Objective: To investigate the mechanisms and anatomical failures after total laparoscopic fundoplication using the symptoms and findings at reoperation.

Design: Prospective open study.

Setting: University hospital, Sweden.

Patients: Twenty-one patients who were reoperated on a median of 33 (0.5–102) months after laparoscopic fundoplication.

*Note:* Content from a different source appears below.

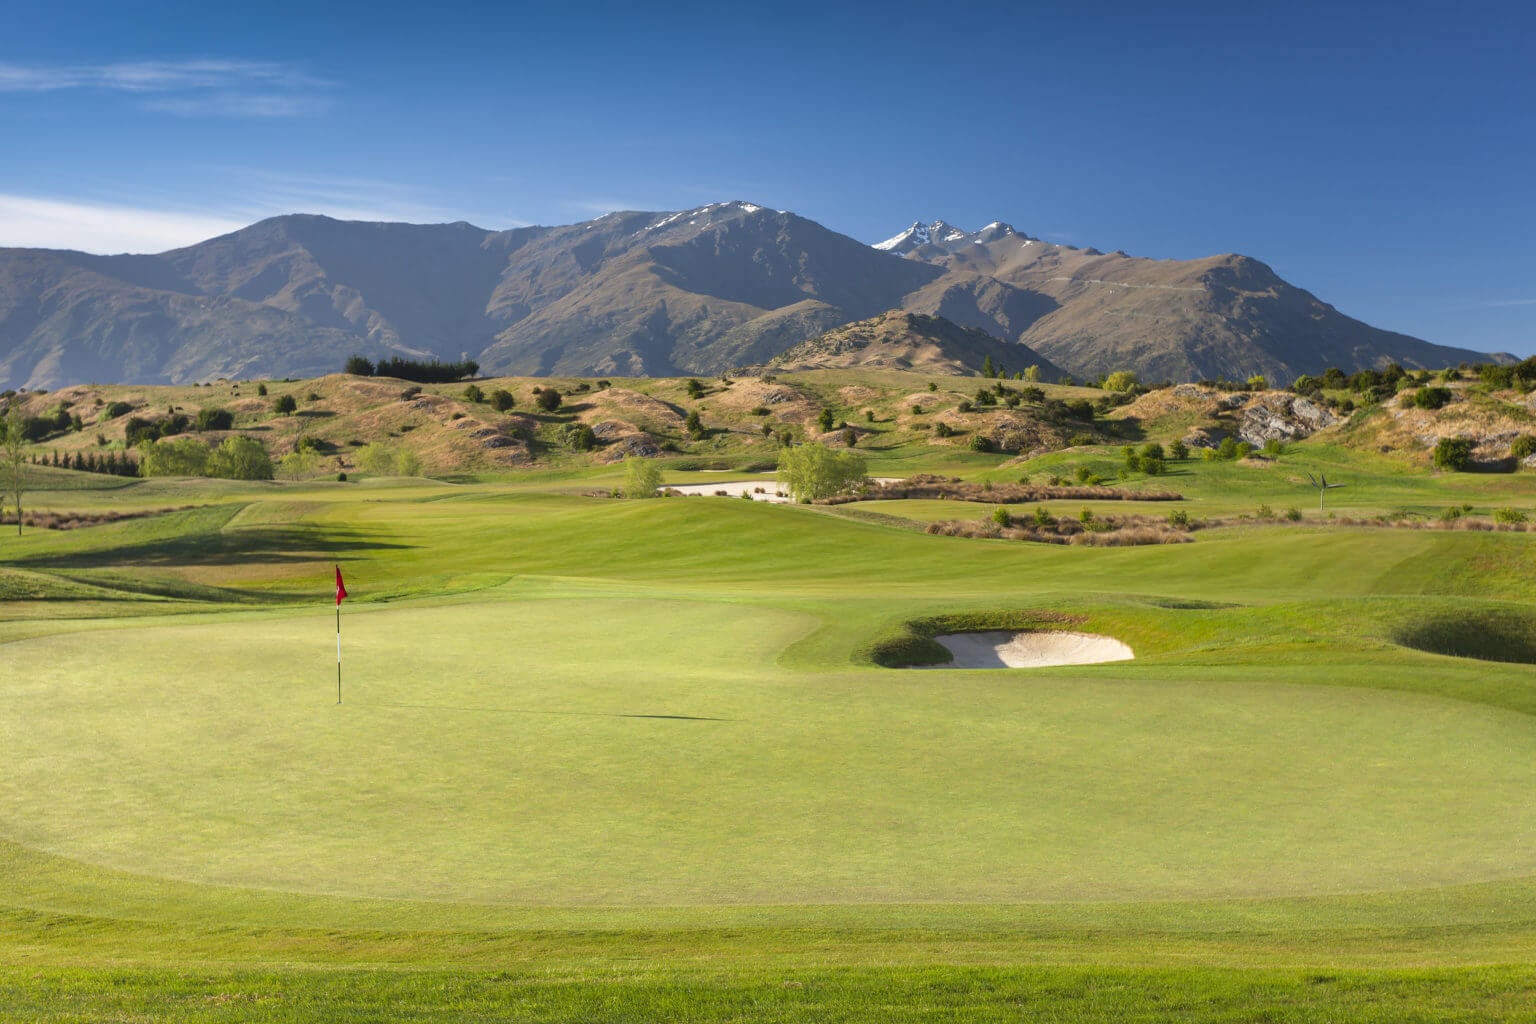 Mountains surround the golf course on all sides

Interventions: The patients were divided into three groups according to the mode of presentation. The first group presented with dysphagia and no gastro-oesophageal reflux (GOR) (n = 6). The second group (n = 11) had recurrent GOR and the third group (n = 4) complained of a sense of excessive fullness.

Results: In the dysphagia group the reason for it in 4 patients was severe fibrosis in the hiatal region including the right part of the fundoplication. One patient had correctly located fundoplication but it was too tight. In the last patient the part of the stomach used was too low down. All patients in the GOR group had a slippage and rupture of the fundoplication. Ten patients also had a recurrent hernia. In 6/11 patients the fundal mobilisation was incomplete. In the last group (excessive fullness) one patient had a postoperative leak from the fundal part, one patient a para-oesophageal hernia, and one patient an intact but herniated repair. One further patient had an intact abdominal oesophagus and crural repair, but a large portion of the stomach had herniated through the left part of the fundoplication and acted as a volvulus.

Conclusions: Dysphagia was caused by hiatal fibrosis or other technical failures rather than a normal tight fundoplication. Using the wrong part of the stomach causes recurrent heartburn. The laparoscopic suturing technique must be improved.

目的:通过再次手术的症状和表现,探讨腹腔镜下全底吻合术后的解剖失败机制。设计:前瞻性开放式研究。地点:瑞典大学医院。患者:21例患者在腹腔镜下复底术后中位时间为33(0.5-102)个月再次手术。干预措施:根据表现方式将患者分为三组。第一组出现吞咽困难,无胃食管反流(GOR) (n = 6),第二组(n = 11)有复发性GOR,第三组(n = 4)有过度饱腹感。结果:在吞咽困难组中,4例患者发生吞咽困难的原因是食管裂孔区包括食管右侧裂孔区严重纤维化。1例患者眼底复制位置正确,但过紧。在最后一个病人中,胃的位置太低了。GOR组所有患者均出现底襞滑移和破裂。10例患者也有复发性疝。6/11患者的下肢活动不完全。在最后一组(过度充盈)中,有1例患者术后发生了从胃底部分泄漏,1例患者发生了食管旁疝,1例患者进行了完整但突出的修复。另一名患者有完整的腹部食道和足部修复,但大部分胃通过底襞左侧疝出并形成扭转。结论:吞咽困难是由裂孔纤维化或其他技术故障引起的,而不是正常的紧密吻合。用错了胃的部位会导致反复的胃灼热。腹腔镜缝合技术有待改进。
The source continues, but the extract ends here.